■ Brief:
Of all the entries below, retype only the lines from the one with "CLAUDIA ALEJANDRA RENTERÍA GARCÉS" through the one with "BMW-Sportbike-1080x1920.jpg", exactly as they appear.

■ Task input:
----------------
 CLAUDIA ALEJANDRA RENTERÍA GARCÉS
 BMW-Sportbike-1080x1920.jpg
----------------
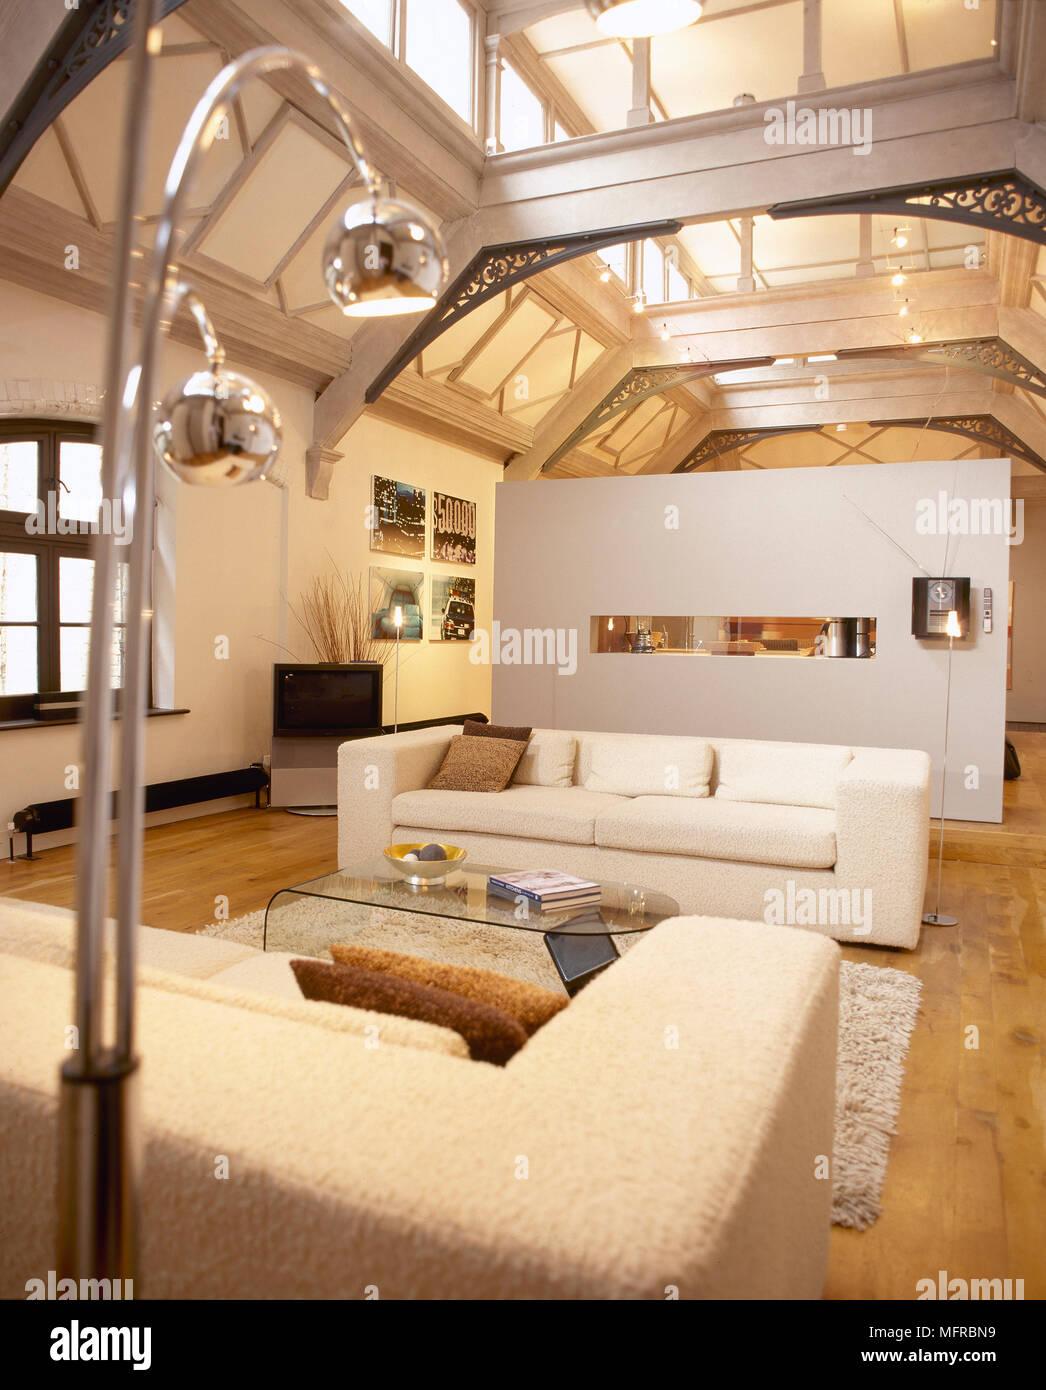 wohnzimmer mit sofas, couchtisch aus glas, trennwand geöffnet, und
----------------
■ Task answer:
 CLAUDIA ALEJANDRA RENTERÍA GARCÉS
 BMW-Sportbike-1080x1920.jpg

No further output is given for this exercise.